* [GOAL OF THE EXERCISE]:
Which lines below hold the word "Party"? Report each one.

-- DATA TO USE follows --

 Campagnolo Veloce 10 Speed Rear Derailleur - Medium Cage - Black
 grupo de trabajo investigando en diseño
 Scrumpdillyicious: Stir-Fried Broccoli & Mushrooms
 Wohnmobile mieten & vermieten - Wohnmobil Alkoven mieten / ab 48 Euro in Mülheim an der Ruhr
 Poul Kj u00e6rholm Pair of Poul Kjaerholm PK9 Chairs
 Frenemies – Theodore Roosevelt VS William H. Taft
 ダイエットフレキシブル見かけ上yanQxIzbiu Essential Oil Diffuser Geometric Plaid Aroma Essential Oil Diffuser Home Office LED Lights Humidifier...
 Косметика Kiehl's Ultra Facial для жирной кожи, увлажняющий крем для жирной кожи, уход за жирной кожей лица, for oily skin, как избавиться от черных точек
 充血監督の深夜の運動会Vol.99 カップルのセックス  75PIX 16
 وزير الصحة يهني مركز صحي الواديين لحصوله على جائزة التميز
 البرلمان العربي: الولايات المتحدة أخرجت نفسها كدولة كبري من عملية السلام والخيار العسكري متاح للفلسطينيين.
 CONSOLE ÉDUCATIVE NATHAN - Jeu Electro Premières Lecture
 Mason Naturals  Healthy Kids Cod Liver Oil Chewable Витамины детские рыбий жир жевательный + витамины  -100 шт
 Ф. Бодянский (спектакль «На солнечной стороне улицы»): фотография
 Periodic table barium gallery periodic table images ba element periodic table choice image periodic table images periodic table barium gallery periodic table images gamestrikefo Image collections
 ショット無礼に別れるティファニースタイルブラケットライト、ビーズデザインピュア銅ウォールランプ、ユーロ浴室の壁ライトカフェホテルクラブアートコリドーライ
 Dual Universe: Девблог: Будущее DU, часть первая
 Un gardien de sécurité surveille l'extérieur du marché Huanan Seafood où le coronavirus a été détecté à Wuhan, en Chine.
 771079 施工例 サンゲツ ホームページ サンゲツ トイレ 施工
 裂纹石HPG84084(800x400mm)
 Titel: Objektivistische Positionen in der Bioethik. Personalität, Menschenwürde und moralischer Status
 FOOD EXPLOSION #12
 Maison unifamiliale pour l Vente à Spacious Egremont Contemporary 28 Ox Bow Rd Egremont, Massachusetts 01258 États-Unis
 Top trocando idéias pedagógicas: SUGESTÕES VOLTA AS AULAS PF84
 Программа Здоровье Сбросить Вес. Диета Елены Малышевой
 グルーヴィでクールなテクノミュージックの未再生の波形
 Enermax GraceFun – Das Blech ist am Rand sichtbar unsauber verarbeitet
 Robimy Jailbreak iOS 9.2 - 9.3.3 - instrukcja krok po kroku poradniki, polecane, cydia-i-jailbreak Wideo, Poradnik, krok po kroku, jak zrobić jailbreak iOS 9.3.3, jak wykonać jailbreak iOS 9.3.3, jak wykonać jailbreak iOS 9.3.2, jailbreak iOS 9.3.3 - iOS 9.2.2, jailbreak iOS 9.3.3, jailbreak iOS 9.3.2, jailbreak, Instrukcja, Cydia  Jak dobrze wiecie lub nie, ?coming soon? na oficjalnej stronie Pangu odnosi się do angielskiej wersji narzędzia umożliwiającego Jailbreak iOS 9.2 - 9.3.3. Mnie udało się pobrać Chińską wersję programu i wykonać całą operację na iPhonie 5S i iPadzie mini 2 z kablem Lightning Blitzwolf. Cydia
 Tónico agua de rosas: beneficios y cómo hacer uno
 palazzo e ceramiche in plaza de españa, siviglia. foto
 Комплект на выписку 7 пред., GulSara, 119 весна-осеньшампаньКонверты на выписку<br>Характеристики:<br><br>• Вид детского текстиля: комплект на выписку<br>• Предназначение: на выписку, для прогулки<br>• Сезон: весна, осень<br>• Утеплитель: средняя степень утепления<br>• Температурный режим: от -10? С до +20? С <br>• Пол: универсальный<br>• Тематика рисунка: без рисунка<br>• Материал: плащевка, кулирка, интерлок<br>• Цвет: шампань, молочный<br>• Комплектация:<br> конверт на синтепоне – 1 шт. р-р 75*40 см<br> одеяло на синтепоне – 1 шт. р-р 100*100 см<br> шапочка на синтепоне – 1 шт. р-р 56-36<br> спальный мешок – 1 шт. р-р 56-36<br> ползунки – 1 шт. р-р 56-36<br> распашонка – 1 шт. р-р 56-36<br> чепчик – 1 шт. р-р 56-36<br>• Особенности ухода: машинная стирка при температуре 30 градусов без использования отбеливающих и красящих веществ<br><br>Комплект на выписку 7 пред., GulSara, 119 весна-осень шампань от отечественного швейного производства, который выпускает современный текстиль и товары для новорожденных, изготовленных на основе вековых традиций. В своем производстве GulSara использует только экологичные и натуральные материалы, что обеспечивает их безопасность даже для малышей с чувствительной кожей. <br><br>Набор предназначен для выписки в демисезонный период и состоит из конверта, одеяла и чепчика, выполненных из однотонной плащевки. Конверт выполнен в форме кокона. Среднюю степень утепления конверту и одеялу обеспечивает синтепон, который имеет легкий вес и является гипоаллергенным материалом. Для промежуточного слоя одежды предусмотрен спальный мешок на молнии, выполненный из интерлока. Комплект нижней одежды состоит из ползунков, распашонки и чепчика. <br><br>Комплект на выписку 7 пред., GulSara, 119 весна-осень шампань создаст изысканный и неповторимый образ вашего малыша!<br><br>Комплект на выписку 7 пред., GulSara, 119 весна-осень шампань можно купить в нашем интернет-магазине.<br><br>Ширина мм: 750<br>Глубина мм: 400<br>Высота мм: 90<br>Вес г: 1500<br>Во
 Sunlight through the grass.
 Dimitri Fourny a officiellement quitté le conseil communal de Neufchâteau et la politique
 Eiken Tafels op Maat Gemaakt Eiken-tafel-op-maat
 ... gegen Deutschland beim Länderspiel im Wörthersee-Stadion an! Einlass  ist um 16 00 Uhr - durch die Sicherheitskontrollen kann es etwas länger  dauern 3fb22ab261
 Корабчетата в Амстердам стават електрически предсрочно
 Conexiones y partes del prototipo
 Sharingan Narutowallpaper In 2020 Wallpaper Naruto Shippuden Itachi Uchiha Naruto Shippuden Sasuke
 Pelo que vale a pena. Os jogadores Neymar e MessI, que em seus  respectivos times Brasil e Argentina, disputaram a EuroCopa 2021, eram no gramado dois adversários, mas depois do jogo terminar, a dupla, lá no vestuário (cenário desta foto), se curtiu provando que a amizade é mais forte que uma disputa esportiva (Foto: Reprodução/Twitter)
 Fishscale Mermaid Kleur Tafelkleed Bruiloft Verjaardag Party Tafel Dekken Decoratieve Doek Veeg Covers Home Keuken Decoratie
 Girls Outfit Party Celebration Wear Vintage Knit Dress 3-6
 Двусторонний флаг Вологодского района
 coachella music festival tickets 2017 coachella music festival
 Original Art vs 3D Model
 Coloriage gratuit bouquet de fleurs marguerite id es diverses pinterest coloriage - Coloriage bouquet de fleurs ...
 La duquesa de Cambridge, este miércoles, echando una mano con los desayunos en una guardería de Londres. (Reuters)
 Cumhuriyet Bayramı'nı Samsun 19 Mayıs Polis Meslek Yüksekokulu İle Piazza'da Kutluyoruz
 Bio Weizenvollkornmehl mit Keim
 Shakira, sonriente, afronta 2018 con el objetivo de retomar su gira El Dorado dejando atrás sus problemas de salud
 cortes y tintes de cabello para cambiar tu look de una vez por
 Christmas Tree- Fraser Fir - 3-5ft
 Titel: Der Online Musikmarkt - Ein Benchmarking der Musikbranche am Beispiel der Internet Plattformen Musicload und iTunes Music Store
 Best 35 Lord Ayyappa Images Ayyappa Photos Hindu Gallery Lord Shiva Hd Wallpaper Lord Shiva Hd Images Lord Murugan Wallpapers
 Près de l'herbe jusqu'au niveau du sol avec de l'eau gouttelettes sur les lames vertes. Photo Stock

-- DATA TO USE concluded --

* [ANSWER TO THE EXERCISE]:
 Fishscale Mermaid Kleur Tafelkleed Bruiloft Verjaardag Party Tafel Dekken Decoratieve Doek Veeg Covers Home Keuken Decoratie
 Girls Outfit Party Celebration Wear Vintage Knit Dress 3-6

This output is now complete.